Tools, services, and resources referenced
- StudioWorks.app — invoicing web app integrated with Stripe (sponsor).
- BrowserStack — cross-browser/device testing service.
- PWAs / Web Install API, PWASTORE (search PWASTore).
- CodePen (new editor, pop-out live view, one-click deploys, shareable pens).
- Squoosh, SVGOMG — examples of useful single-page web apps.
- Lit & web components ecosystem.
- Bruce Lawson, Leah Verou, Timani Afif, Zach Leatherman — people/resources to follow for deeper examples and experiments.
Practical recommendations / action items
- If you have any web app that could be installed, learn the Web Install API — it simplifies installing PWAs from a web page.
- Try text-grow / text-shrink (Chromium flags) and container units for responsive, no-JS large headings; but test accessibility (min font-size, user preferences).
- Experiment with scroll-driven animations, animation triggers, and view transitions to replace fragile JS-driven scroll effects with CSS-native primitives where appropriate.
- Consider smaller web components (Lit) to reduce bundle size; explore adoptedStyleSheets / import assertions to move large styles out of JavaScript bundles for better caching.
- Prototype the declarative Shadow DOM + service worker approach if you’re using web components with heavy template work — but plan caching/versioning strategies and measure initial vs subsequent load improvements.
- Use modern sharable tooling (CodePen’s new editor & deploy) to prototype and share ideas without complex local setup.

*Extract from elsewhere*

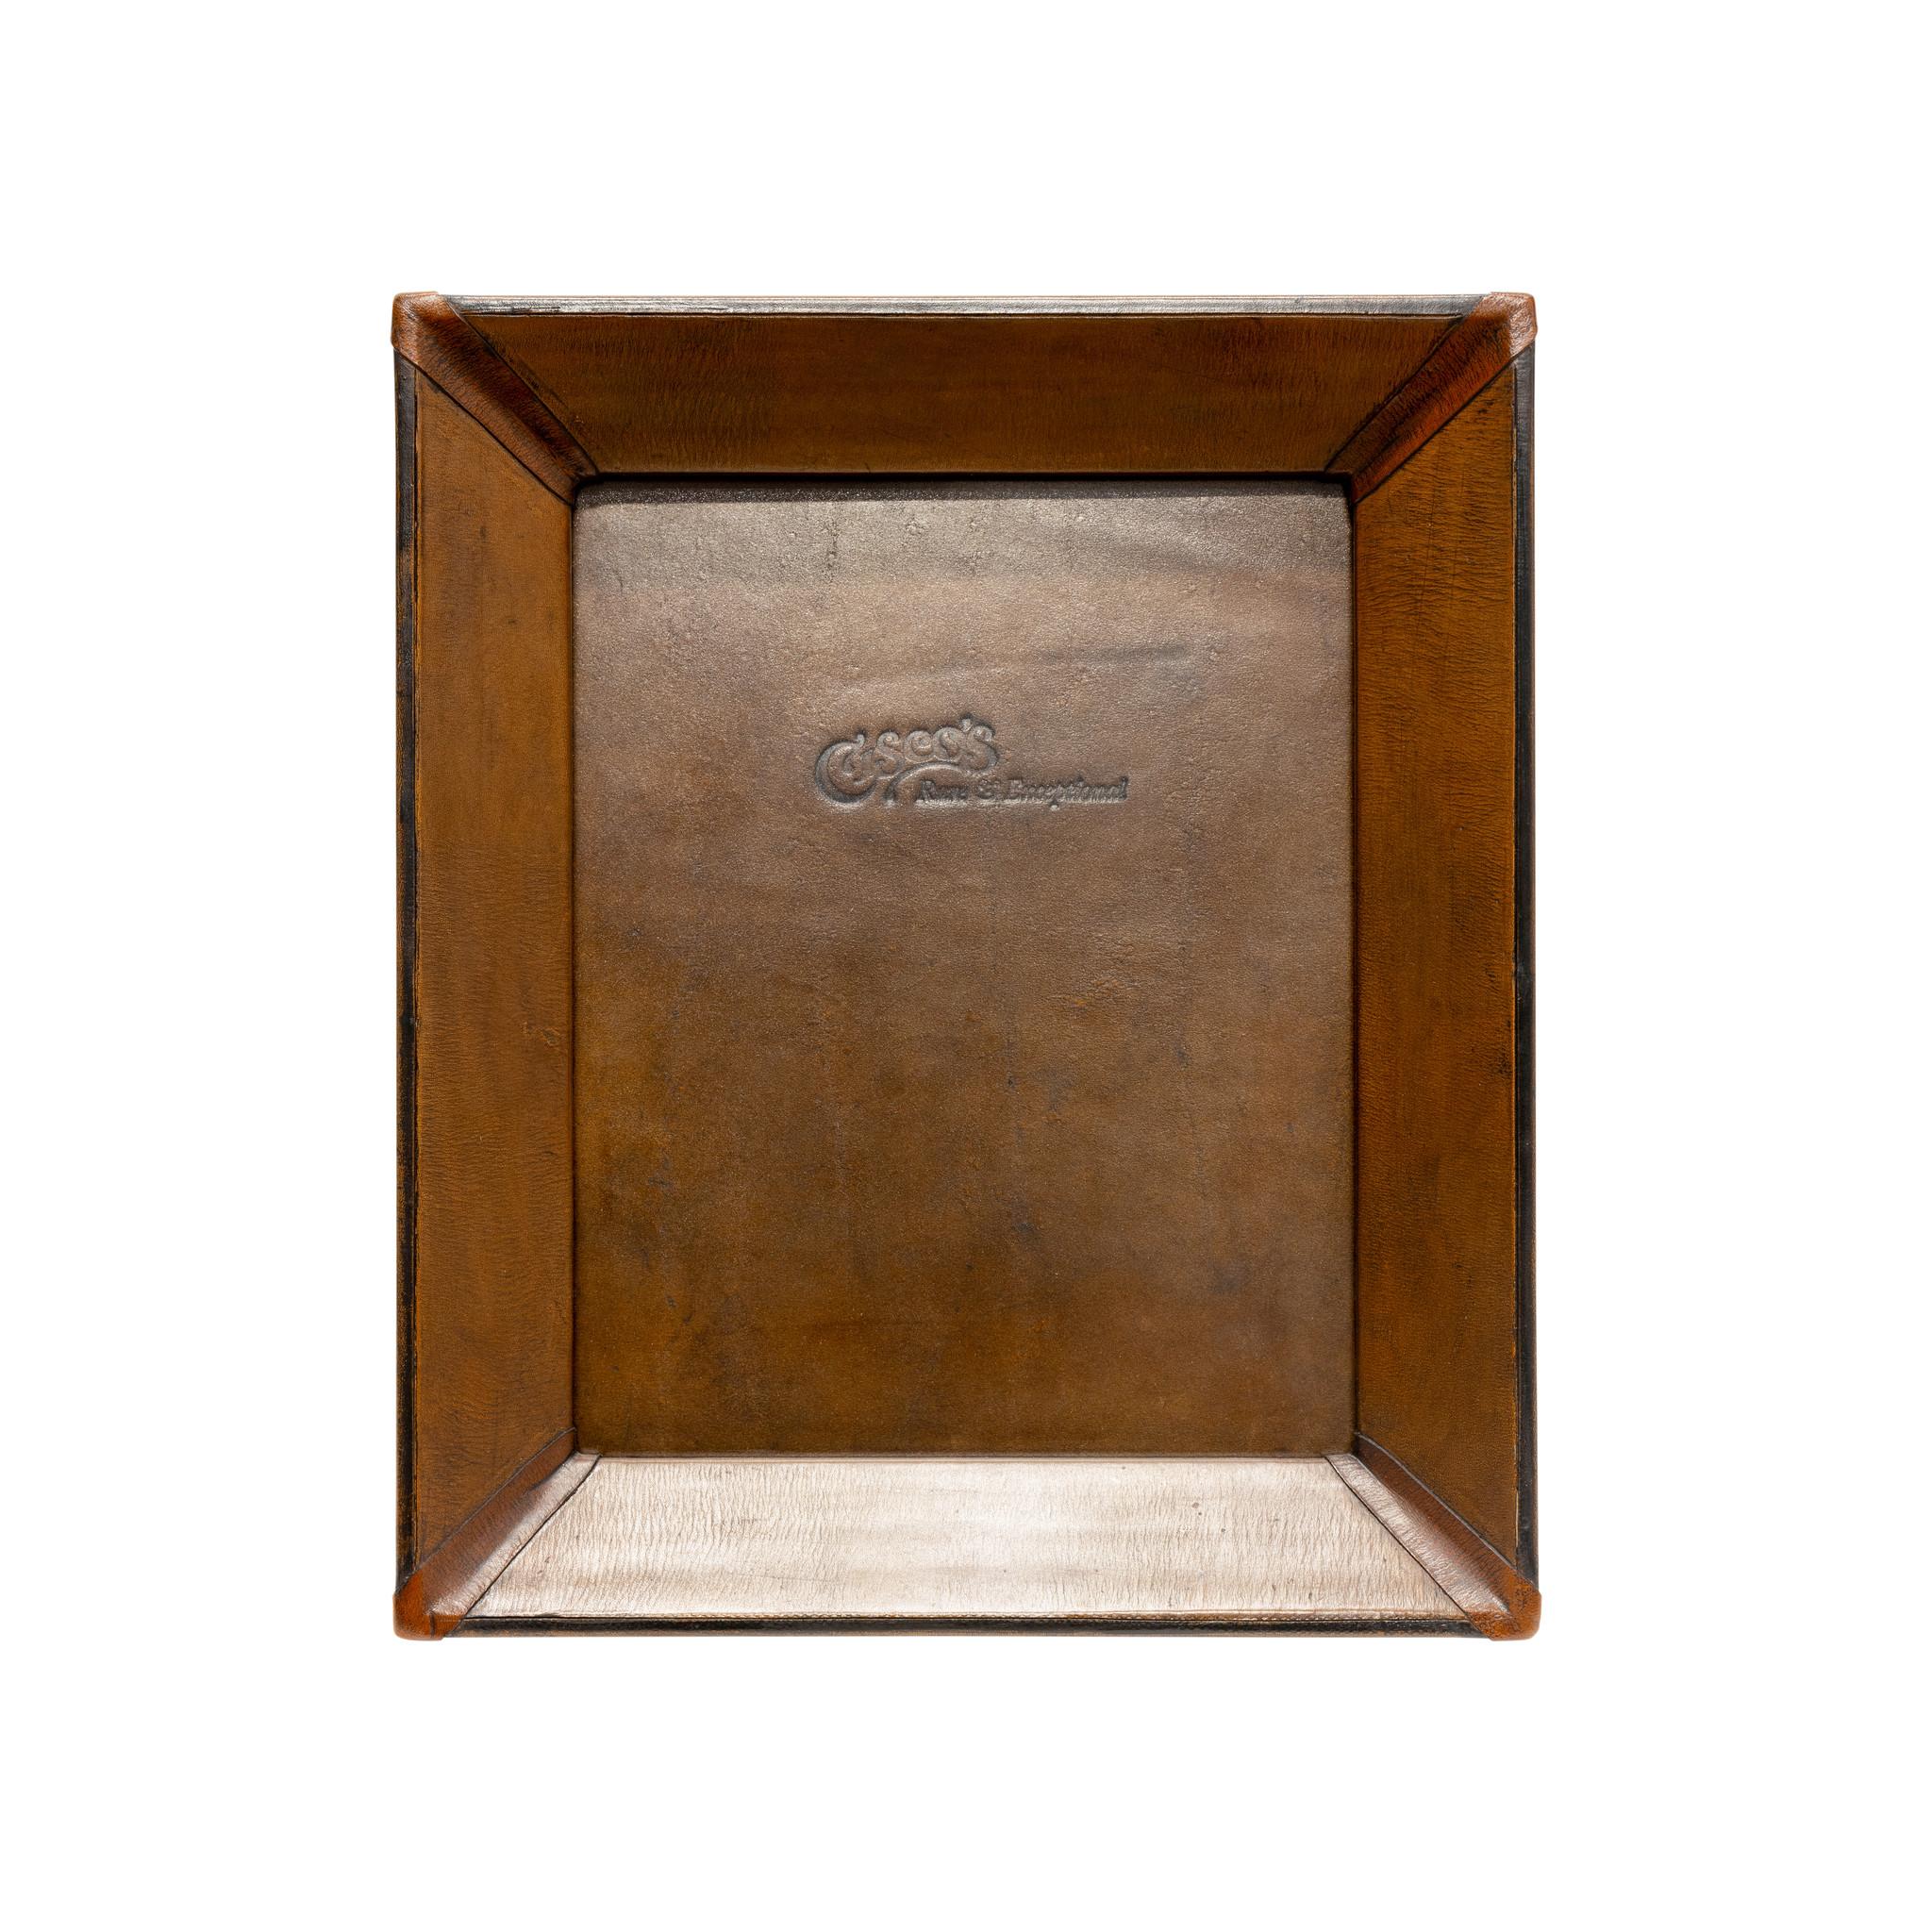 4 x 6 medium brown & black leather tabletop picture frame. Premium leather picture frames add the perfect accent to any home or office. Each frame is skillfully crafted by artisan saddle makers using genuine cowhide. Color: Medium brown with

Notable quotes & phrases from the episode
- “PWAs are back, baby.”
- “Declarative Shadow DOM — hold my beer.” (refers to injection via service worker)
- “It’s like a 40-minute ad for StudioWorks” (host banter)
Closing notes
The episode is a mix of practical how-tos and speculative tinkering — good if you want to keep up with emerging platform features and small experiments that could become common patterns. If you build web apps, prioritize:
- learning the new PWA install flows,
- experimenting with CSS scroll/view transition primitives,
- and rethinking where style assets live (to reduce JS bundle sizes).